Monthly Market Summary March 2025

On April 2, 2025, US President Donald Trump announced higher-than-expected trade tariffs with global import tariffs of 10%. Indonesia, as one of the exporters to the US, also faced higher-than-expected tariffs of 32%. However, on April 10, 2025, President Trump announced a 90-day delay in the implementation of reciprocal tariffs and increased import tariffs on China to 145%. We expect the CAD deficit to widen mainly due to US tariffs on China and other countries, which could slow the global economic slowdown and further depress commodity prices.
The price of Indonesian government bonds denominated in Rupiah moved down with the 10-year bond yield increasing by 15 bps to 7.06%. In line with this, the IDR-denominated government bond index moved down by 0.17% in March 2025, driven by global economic trade. On the domestic side, concerns about the direction of fiscal policy have driven market sentiment to be more cautious. Nevertheless, Bank Indonesia remains committed to supporting the stability of IDR bond yields through intervention in the secondary market.

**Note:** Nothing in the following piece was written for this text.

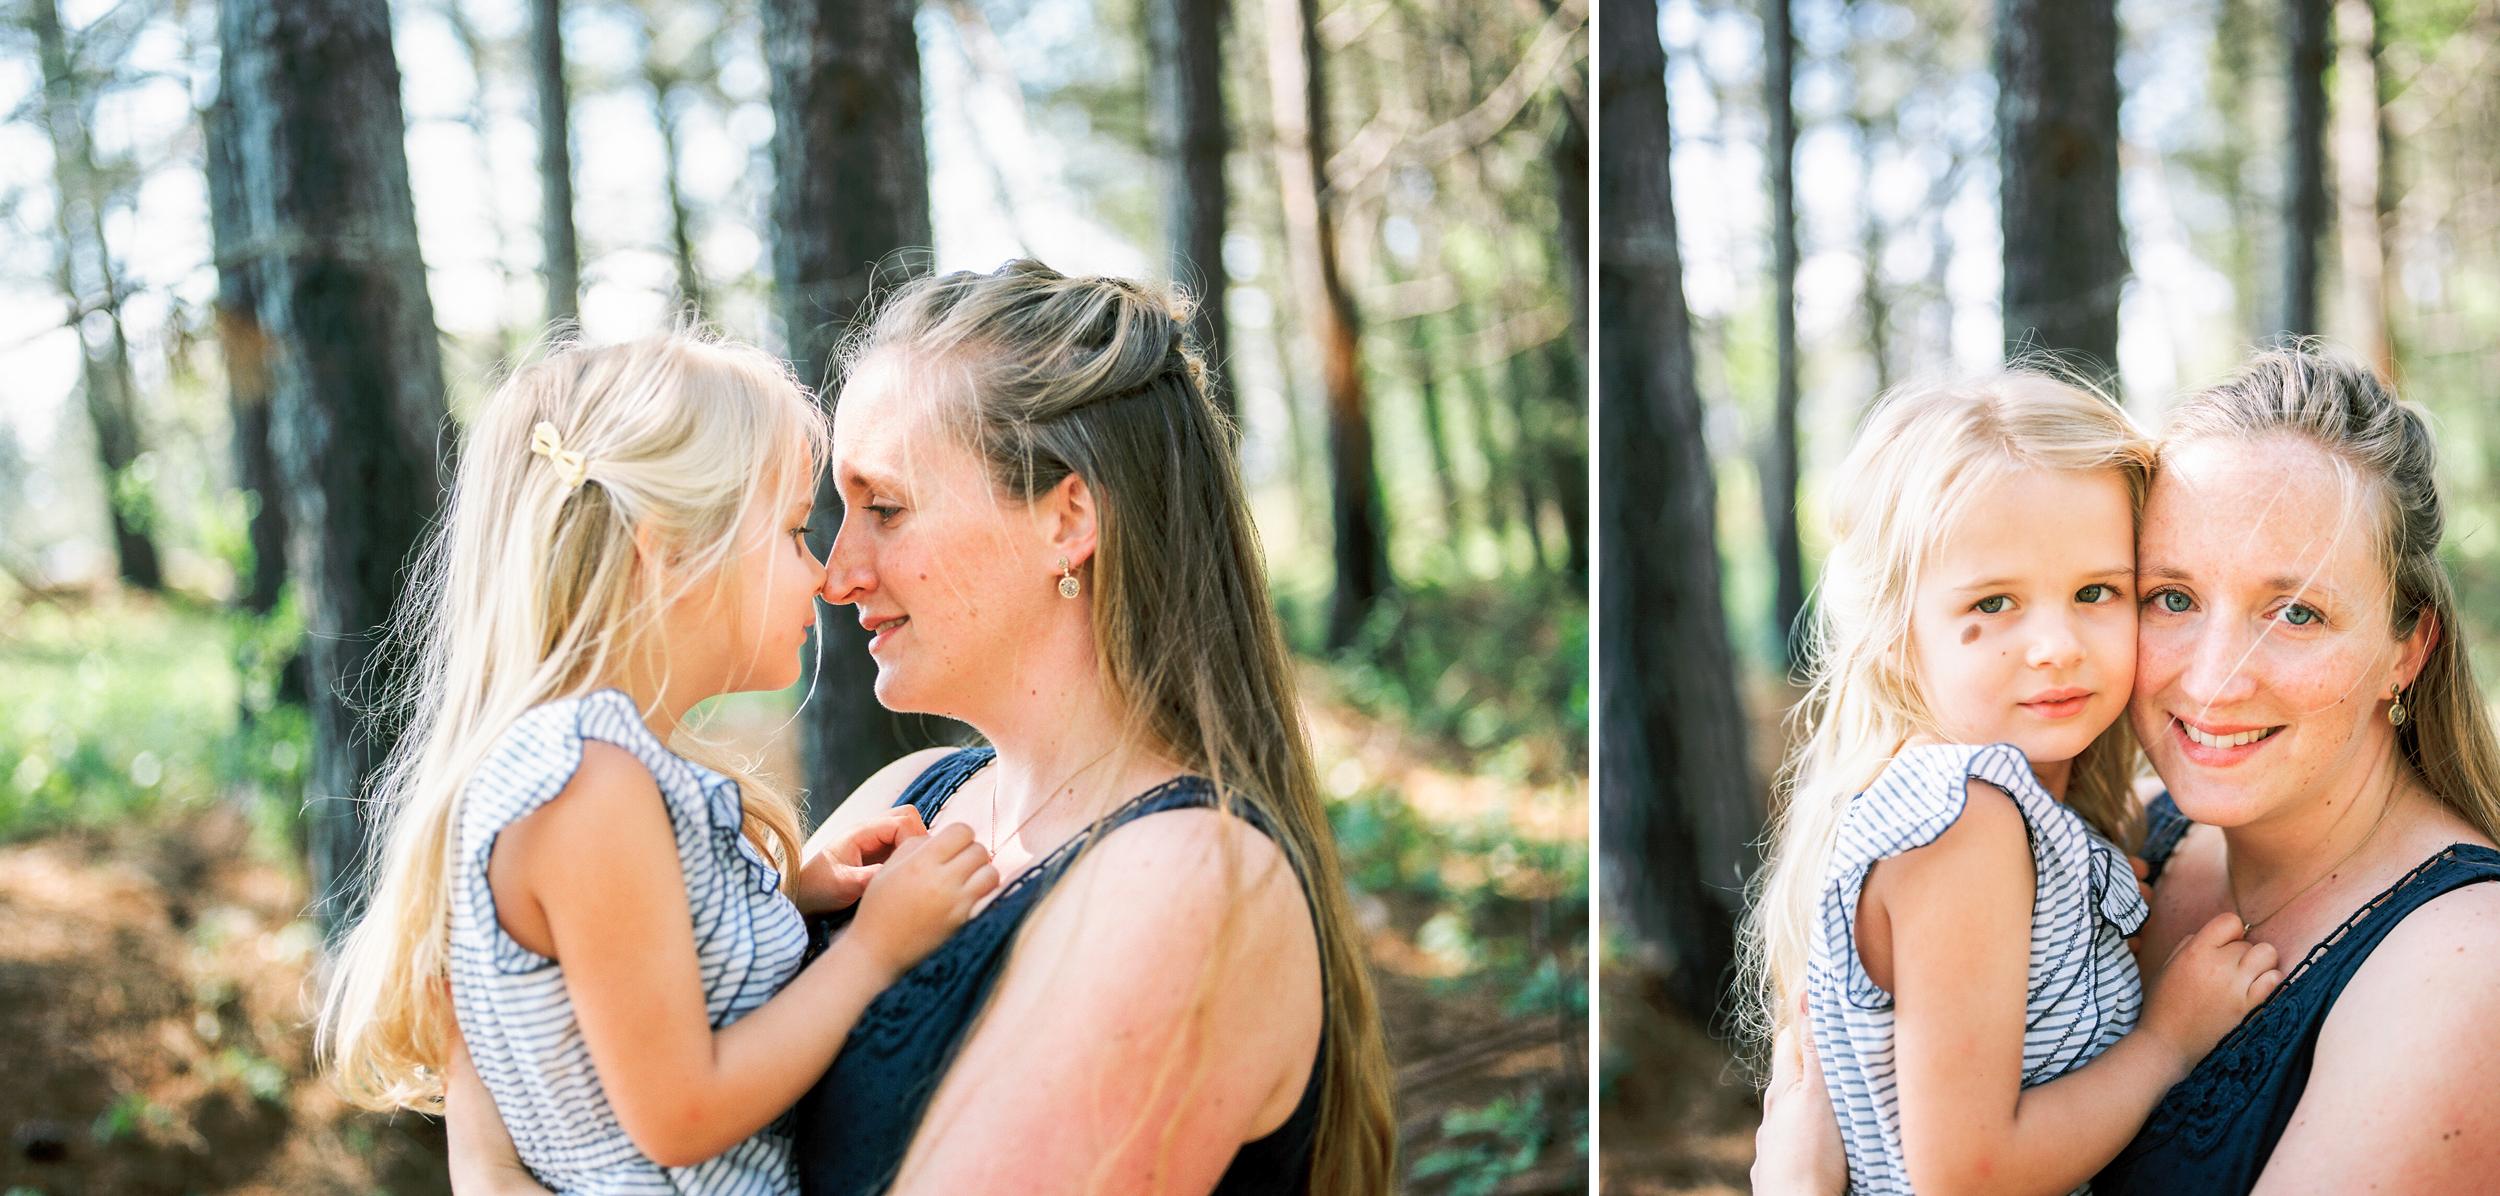 081-athens-georgia-children-and-family-film-photographer.jpg

In March 2025, the MSCI ID rose by 5.7%, outperforming the JCI with a gain of 3.8%. Currently, the JCI valuation is quite attractive at 1.8x price to book and 11x forward price to earnings. There is a risk to be aware of the implementation of US reciprocal tariffs that will be effective in July 2025. We maintain BUY for the Indonesian stock market, with a preference for domestic-oriented sectors, such as consumer, financial, logistics, utilities, and healthcare.